Supplied data START
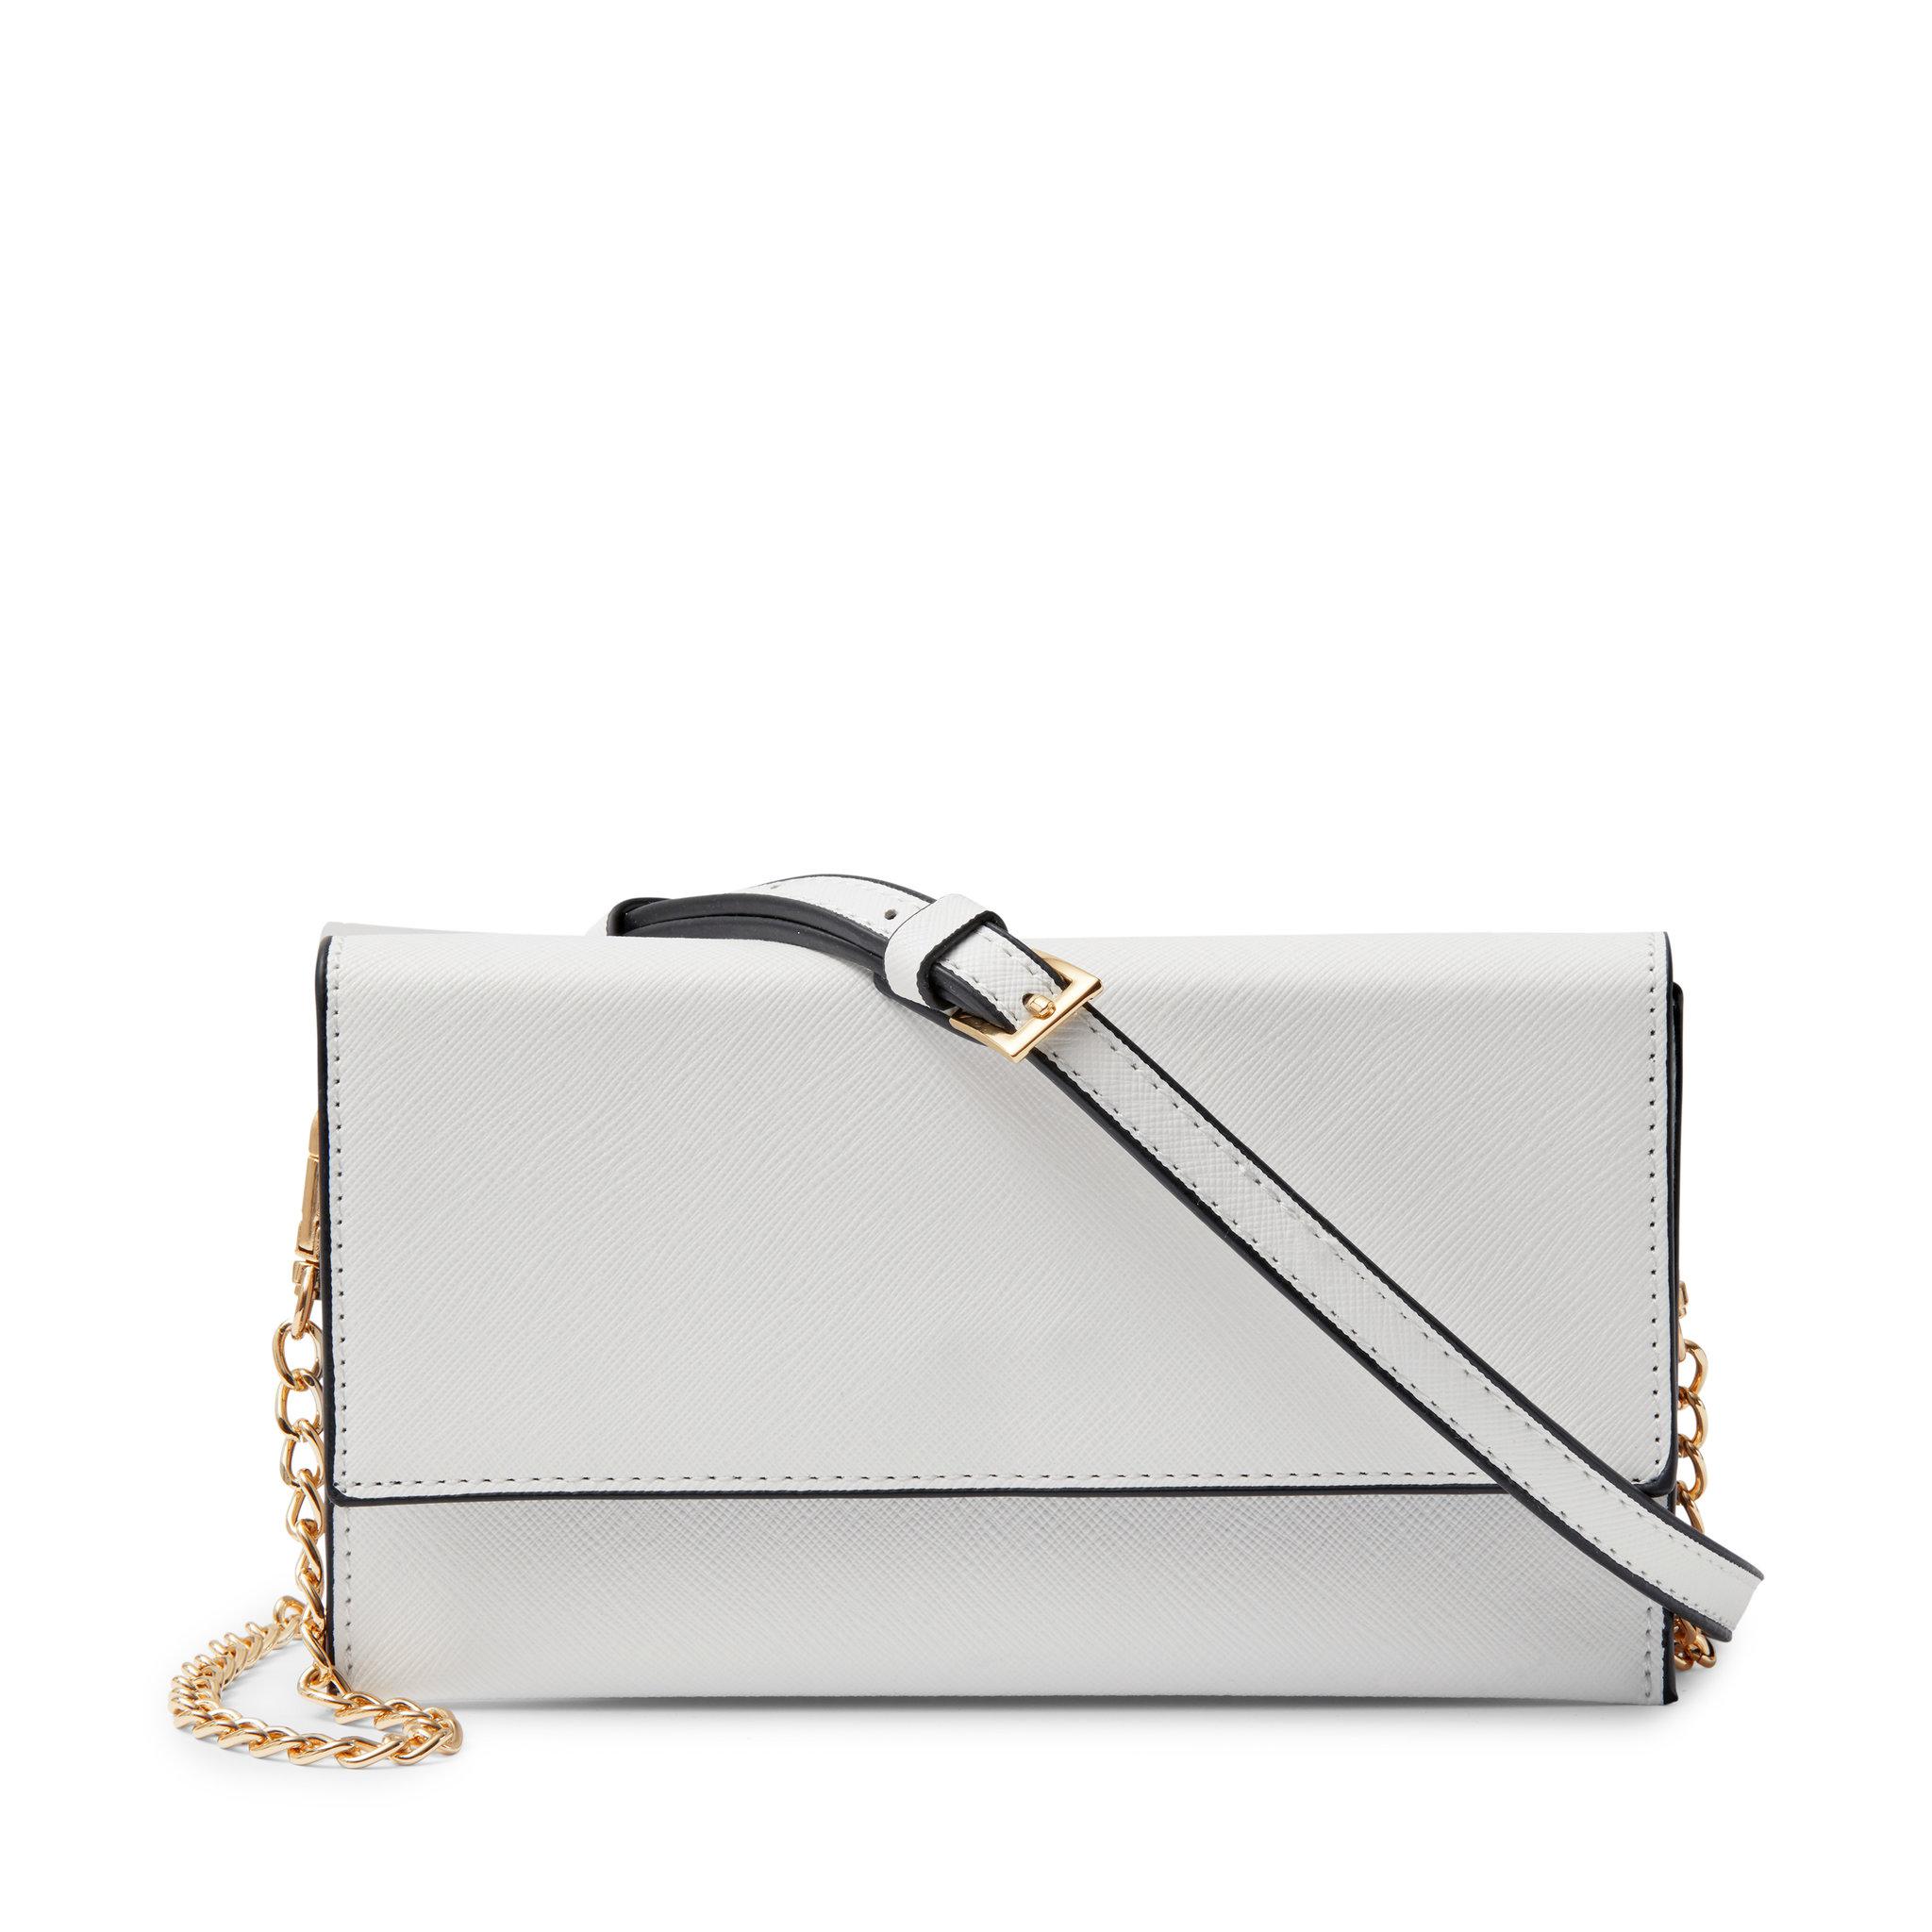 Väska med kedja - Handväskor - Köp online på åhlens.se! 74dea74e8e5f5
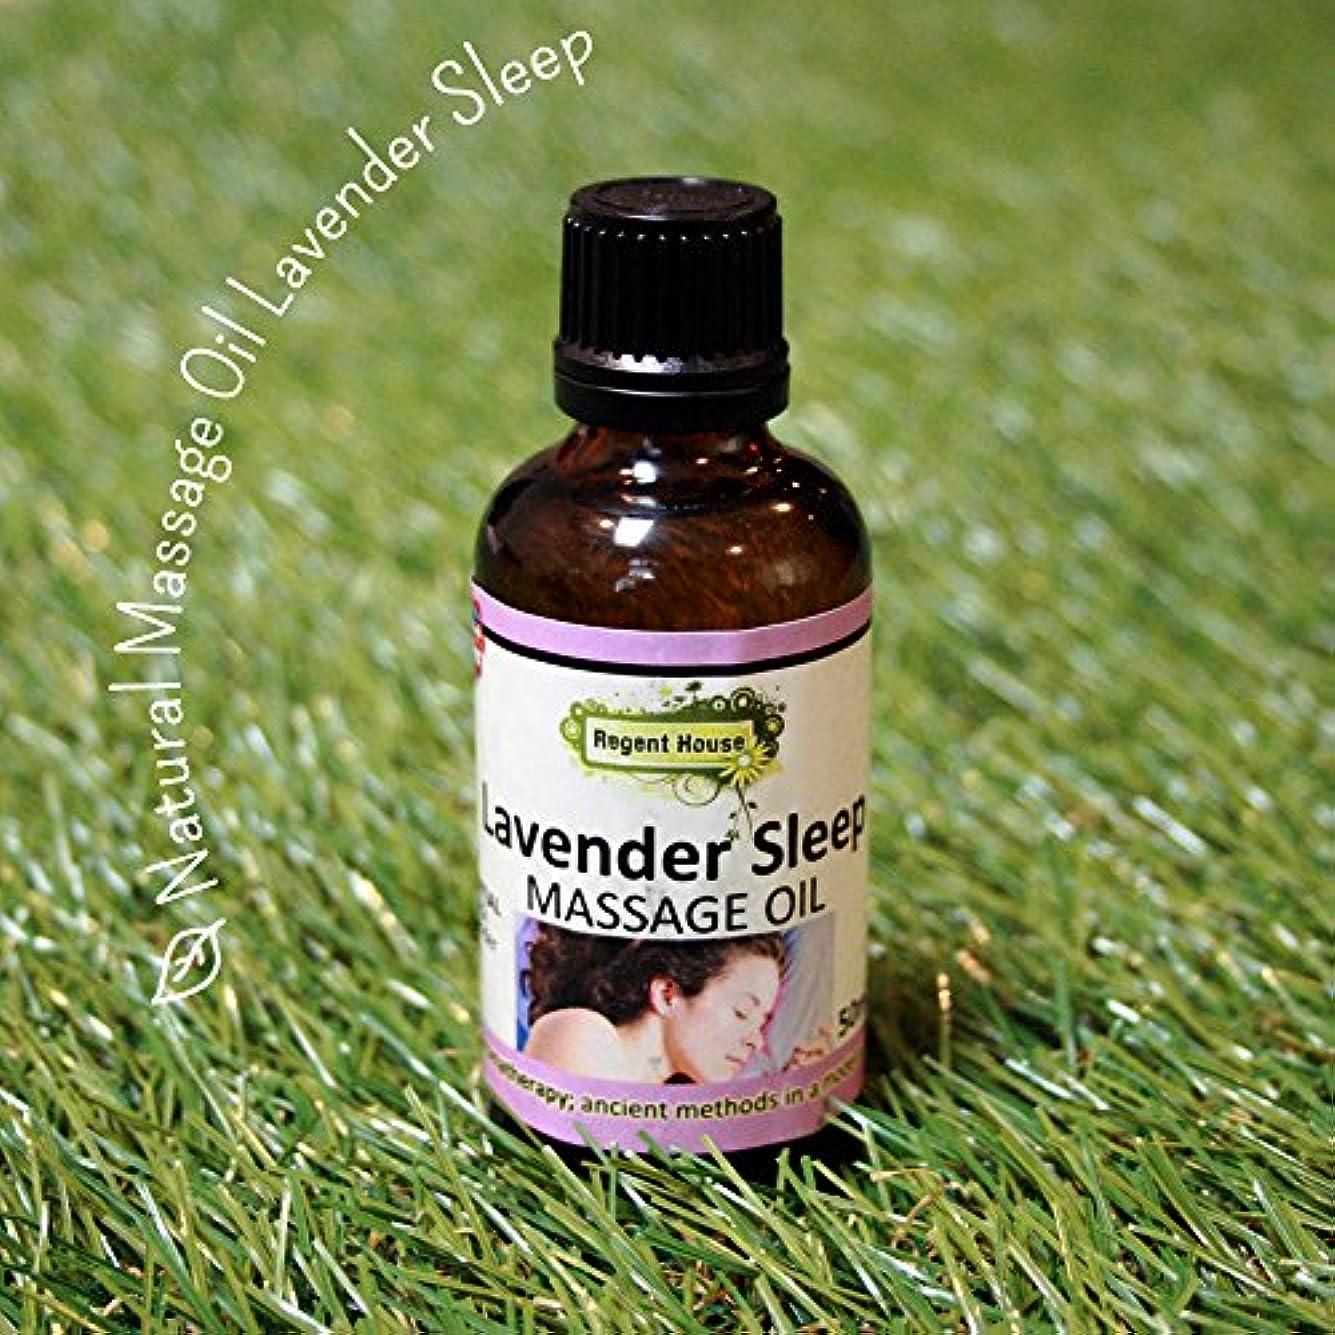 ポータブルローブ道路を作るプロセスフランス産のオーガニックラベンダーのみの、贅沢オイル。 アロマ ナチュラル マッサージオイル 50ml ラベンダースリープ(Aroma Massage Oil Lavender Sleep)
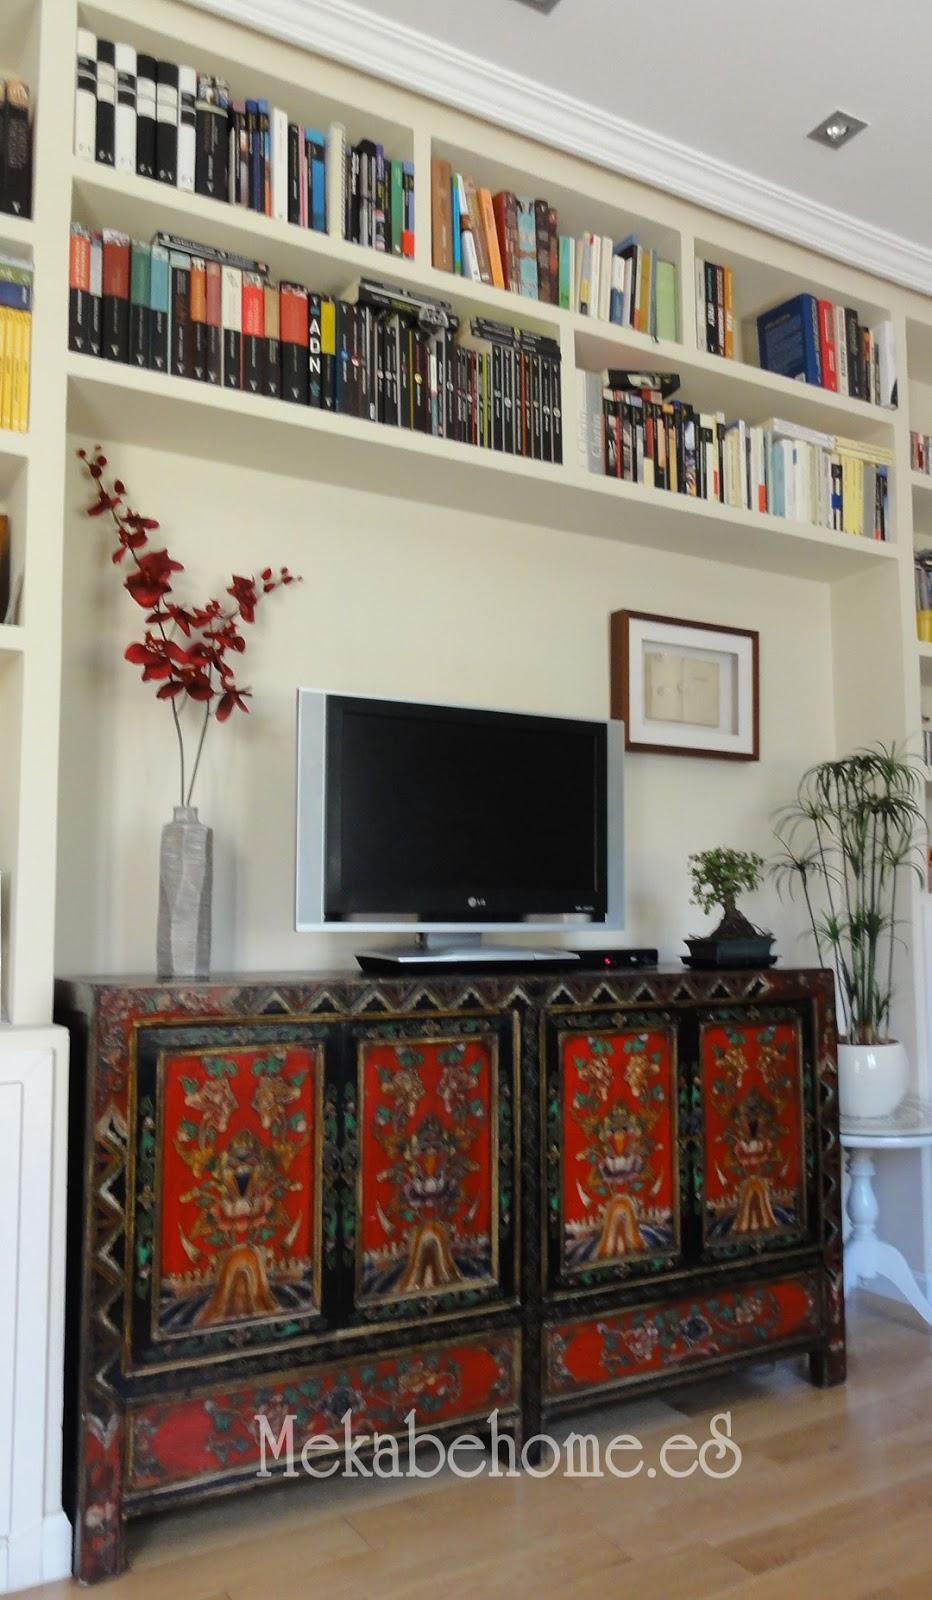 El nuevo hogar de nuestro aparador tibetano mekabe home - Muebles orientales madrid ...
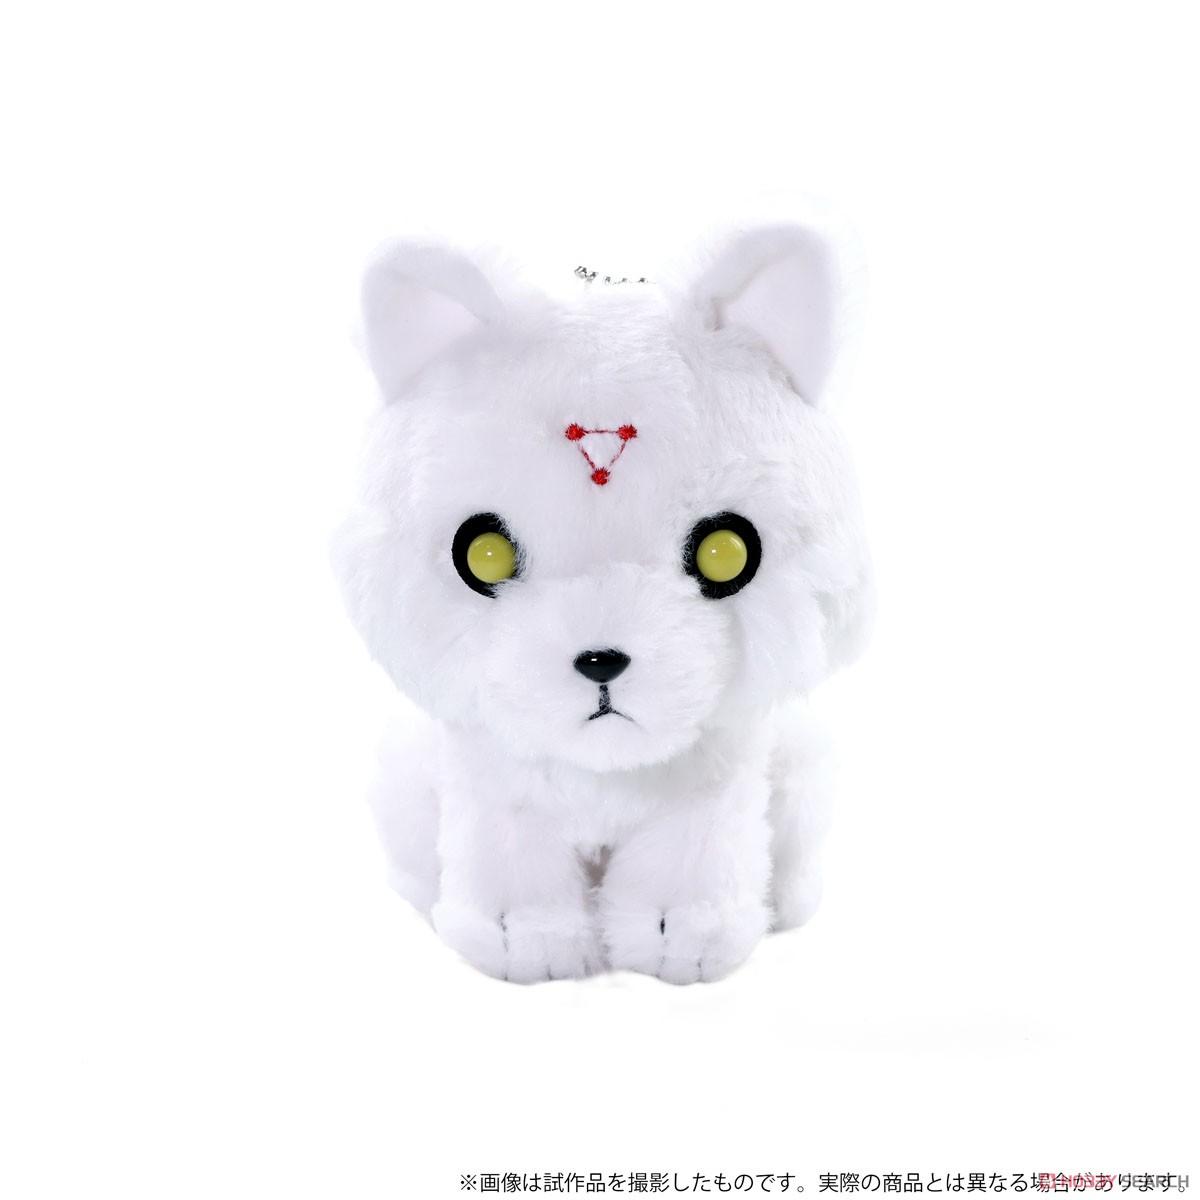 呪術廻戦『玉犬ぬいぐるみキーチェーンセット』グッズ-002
Supplied data END
Exercise:
Copy, without the pictures, exactly the lines from the line with "ポータブルローブ道路を作るプロセスフランス産のオーガニックラベンダーのみの、贅沢オイル。 アロマ ナチュラル" through the end of the material above, both ends included.

Reply:
 ポータブルローブ道路を作るプロセスフランス産のオーガニックラベンダーのみの、贅沢オイル。 アロマ ナチュラル マッサージオイル 50ml ラベンダースリープ(Aroma Massage Oil Lavender Sleep)
 El nuevo hogar de nuestro aparador tibetano mekabe home - Muebles orientales madrid ...
 呪術廻戦『玉犬ぬいぐるみキーチェーンセット』グッズ-002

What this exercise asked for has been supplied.